All groups generally have a de facto leader. He or she takes early and tight reigns of the group. The problem is, without legitimacy or title, other members invariably resent this person. Conversely, all groups seem to have one member who speaks less and simply takes orders, the archetype of deference. This group member often turns out to be the most valuable simply accomplishing the job at hand rather than spending great amounts of time talking about what the group should do or participating in the Shakespearean power struggle.
Our personality traits, particularly the robustness of our egos, determine the roles we take in groups. The problem at the core of university-level group work is that leadership seems relatively difficult with the absence of titles or authority. Authority, particularly in regard to a chain of commands, gives those under that leadership a reason to listen. Hierarchical structures breed compliance which facilitates leadership. Where everyone is on the same level, however, leadership becomes an abortive undertaking susceptible to insurrection. Other members form poisonous alliances, speaking in slanderous tones while the group becomes a series of lost partnerships and aimless goals.
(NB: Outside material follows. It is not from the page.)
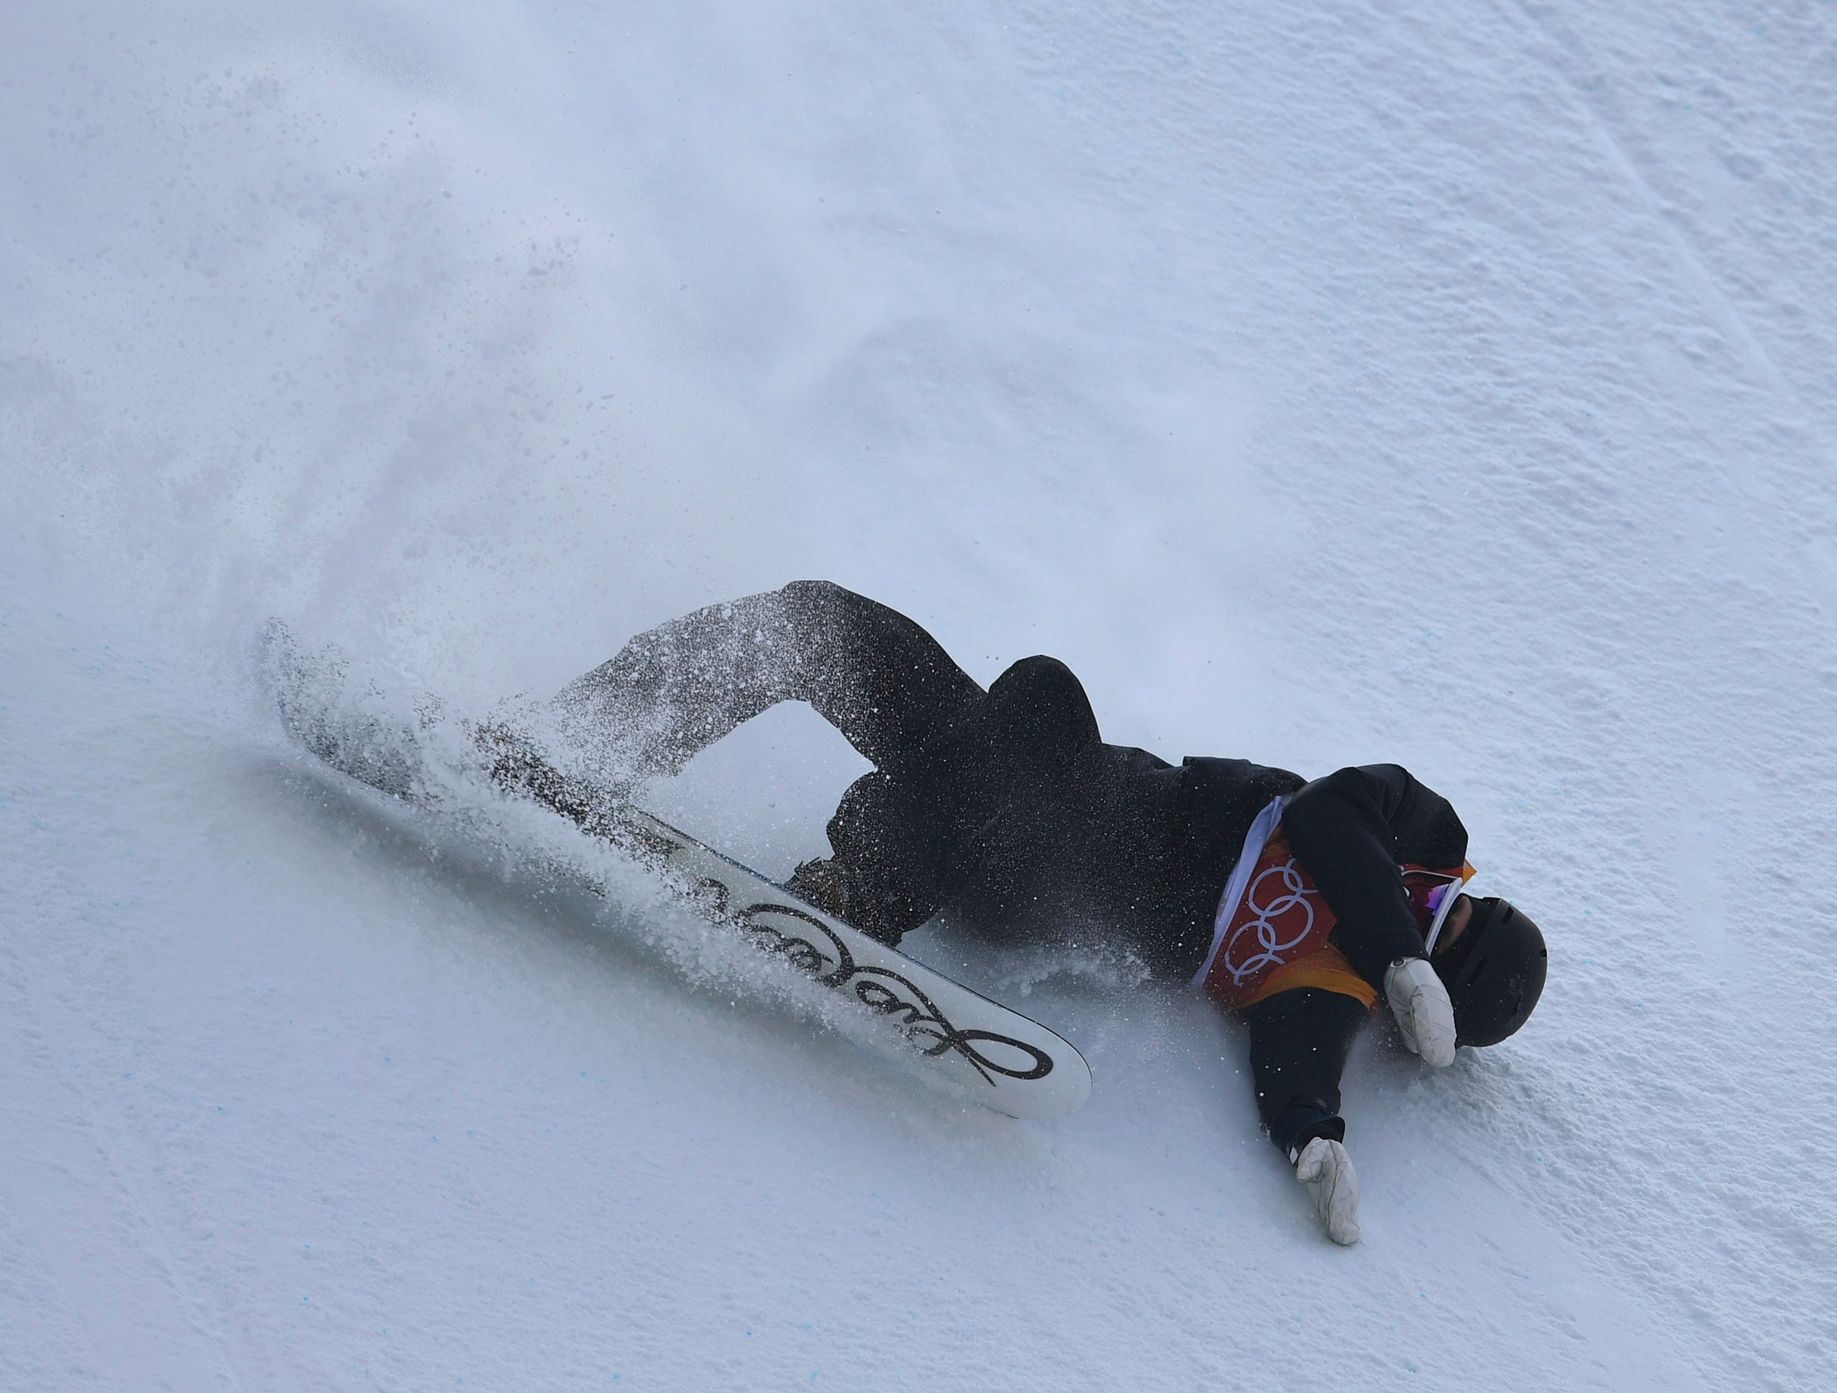 Pády snowboardistů v kvalifikaci slopestylu: Švéd Mans Hedberg

Not one of us, without perjuring ourselves, can say that we have been in a group where we didn’t exchange insulting commentary behind each other’s backs. Begrudging the existence of others seems to strike a chord in all humans, unsuccessfully attempting to increase our own self-worth. We have become the financiers of low self-esteem lending our invective at prime plus one. We excitedly telephone a friend or speak to them in the hall about the horror of our team members much more quickly than we would ever speak about adulation. This seems to squarely place considerable blame on us or more dramatically on human nature itself.
I always wonder what others say about me when I am not in their presence, only because I witness what I say about them when they are not in mine. Part of me wants to imagine that I am particularly culpable of defamatory chatter, hoping others do not engage in it. Most remarkable is how we can deprecate others and then pretend that we enjoy their company while they are there. This trait seems unique to us as social creatures.
Maybe group work has taught me something, be it particularly poignant about myself. Most likely it has, and unfortunately I feel as I should withdraw from the course.